- Дошел, дошел, - сказал Зуи. - Мне об этом неохота. - Он вставил сигару в рот и правой рукой октавами в верхах заиграл мелодию песенки под названием "Кинкажу", которая, стоит отметить, завоевала и явно утратила популярность еще до рождения исполнителя. - Не только он дошел, - сказал Зуи, - но и где-то в час ночи сюда позвонил Дик Хесс, сразу после нашего скандальчика, и попросил, чтобы я с ним встретился и выпил, сволочь. Однако - в "Сан-Ремо". Он открывает для себя Виллидж. Боже милостивый!
- Не лупи по клавишам, - сказала Фрэнни, не сводя с него глаз. - Раз ты там сидишь, я буду твоим режиссером. И первая моя режиссура вот: не лупи по клавишам.
- Во - первых, он знает, что я не пью. Во-вторых, он знает, что я родился в Нью-Йорке и атмосферу его не терплю, как мало что. В-третьих, он знает, что я живу, черт возьми, в семидесяти кварталах от Виллидж. И, в-четвертых, я три раза ему сказал, что я уже в пижаме и тапочках.
- Не лупи по клавишам, - срежиссировала Фрэнни, поглаживая Блумберга.
- Так нет же, подождать не могло. Ему во что бы то ни стало нужно было меня видеть. Очень важно. Без шуток, а? Будь хоть раз в жизни умницей, прыгай в такси и давай приезжай.
- И ты поехал? Крышкой тоже не хлопай. Это моя вторая…

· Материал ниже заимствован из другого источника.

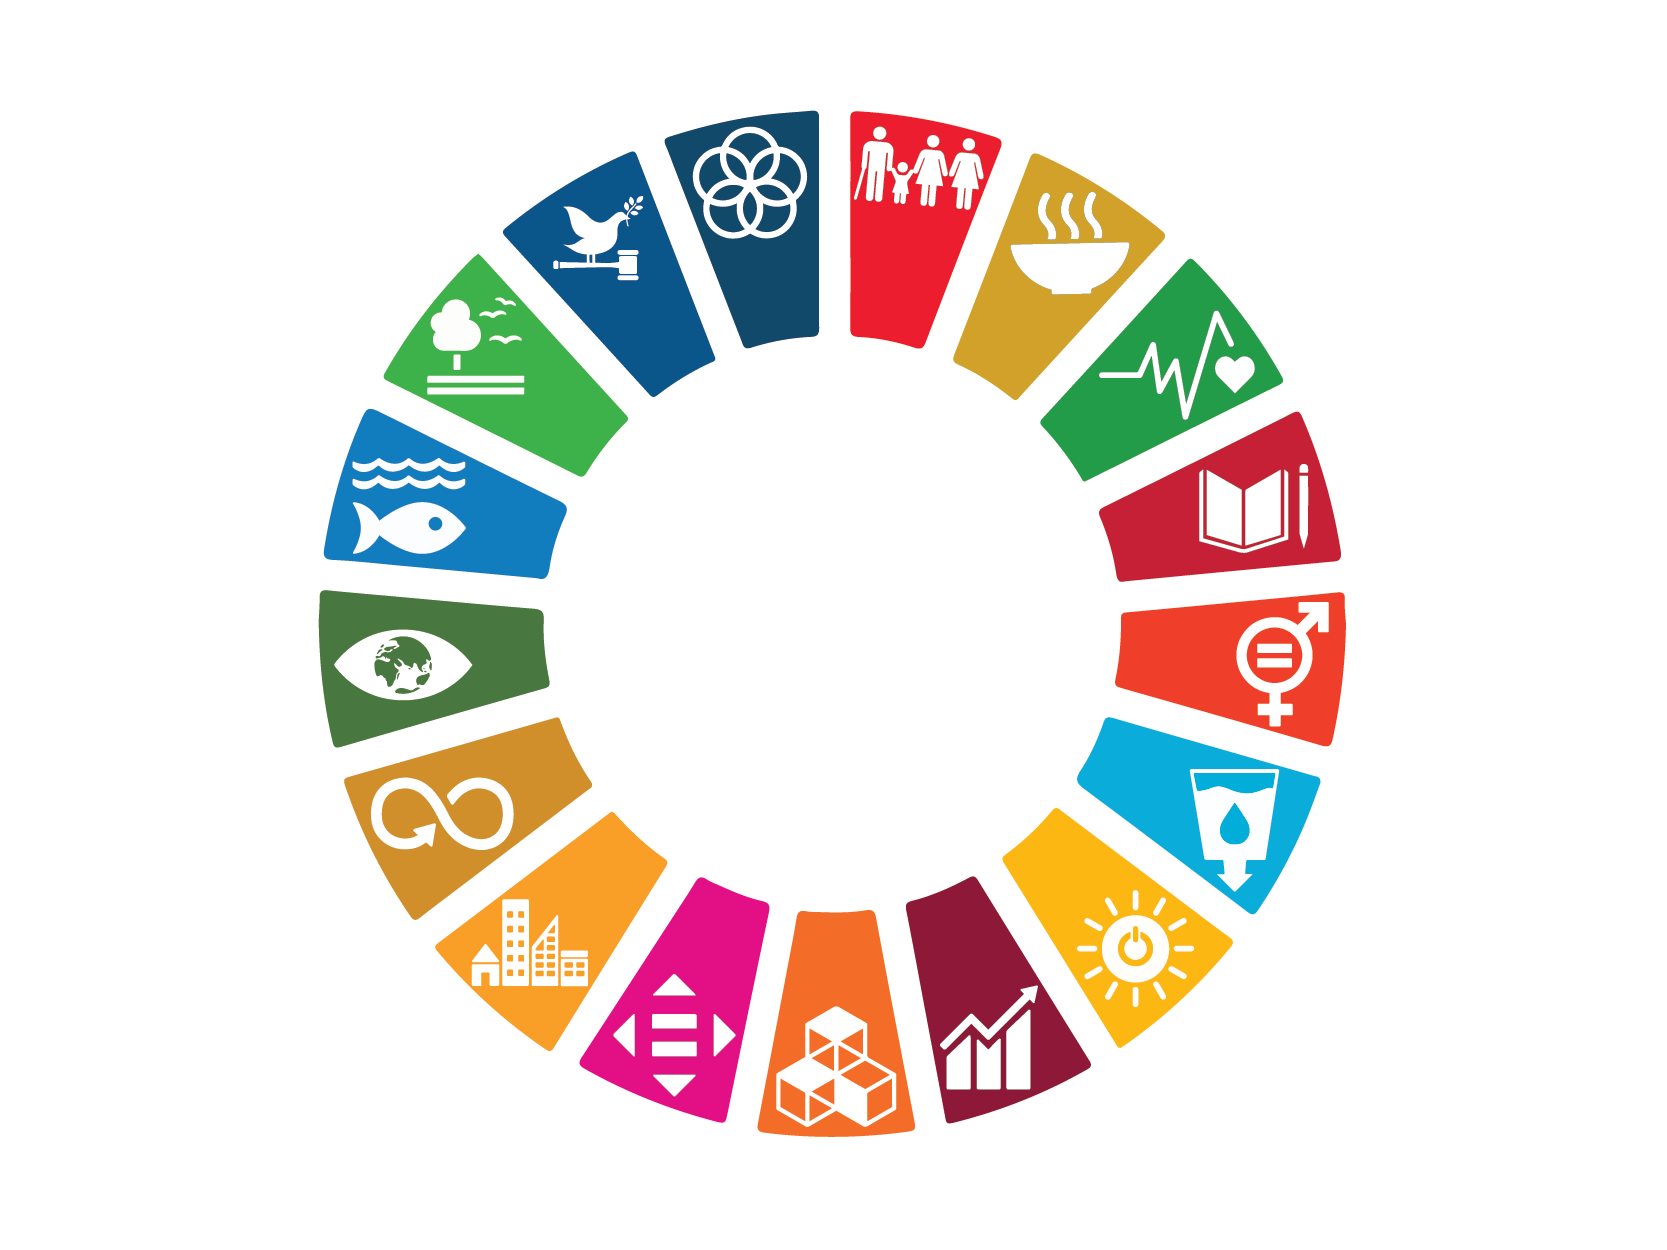 Le symbole des ODD des Nations Unies, une roue divisée en 17 parties

- Ну само собой, поехал, как дебил! У меня никакой силы воли! - ответил Зуи. Он закрыл крышку - нетерпеливо, но не хлопнув. - У меня беда в том, что я не доверяю приезжим. И плевать, сколько они уже в Нью-Йорке живут. Всегда боюсь, что их машина собьет, где-нибудь отмутузят, пока они ищут армянский, допустим, ресторанчик на Второй авеню. Или еще какая чертовня. - Он угрюмо пустил струю сигарного дыма поверх "Не надо быть гадюкой, крошка". - В общем, я поехал, - сказал он. - И там сидел старина Дик. Такой унылый, такой тоскливый, у него было столько важных вестей, что подождать до сегодня он никак не мог. Сидел за столиком в джинсах и отвратном спортивном пиджаке. Беженец из Де-Мойна в Нью-Йорке. Я его чуть не убил, богом клянусь. Ночка дай боже. Я проторчал там два часа, а он мне рассказывал, какой я превосходный сукин сын и какое семейство гениальных психотиков и психопатов меня породило. А потом, когда закончил анализировать меня - и Дружка, и Симора в придачу, которых ни разу в жизни не встречал, - и зашел своим мозгом в тупик, где никак не мог решить, кем ему быть весь остаток ночи - какой-нибудь Колетт с кулаками или каким-нибудь недомерком Томасом Вулфом, - вдруг вытаскивает из-под стола роскошный "дипломат" с монограммой и сует мне под руку этот новый сценарий в час длиной. - Зуи совершил в воздухе пасс, точно отмахиваясь от предмета обсуждения. Однако с табурета поднялся слишком уж беспокойно - по-настоящему отмахнуться не получилось. Сигара у него была во рту, руки - в задних карманах. - Столько лет я слушал, как Дружок распространяется об актерах, - сказал он. - Боже мой, сколько бы я ему наговорил о Знакомых Писателях. - Мгновенье он рассеянно постоял, затем бесцельно засуетился. Остановился у "Виктролы" 1920 года, безучастно воззрился на нее и смеху ради дважды гавкнул в раструб динамика. Фрэнни хихикнула, не сводя с Зуи глаз, но он нахмурился и двинулся дальше. У аквариума с тропическими рыбками, стоявшего на радиоприемнике "Фрешмэн" 1927 года, вдруг нагнулся и вынул сигару изо рта. Вгляделся в аквариум с безусловным интересом. - Все мои моллинезии вымирают, - сказал он. Машинально потянулся к коробочке с рыбьим кормом возле аквариума.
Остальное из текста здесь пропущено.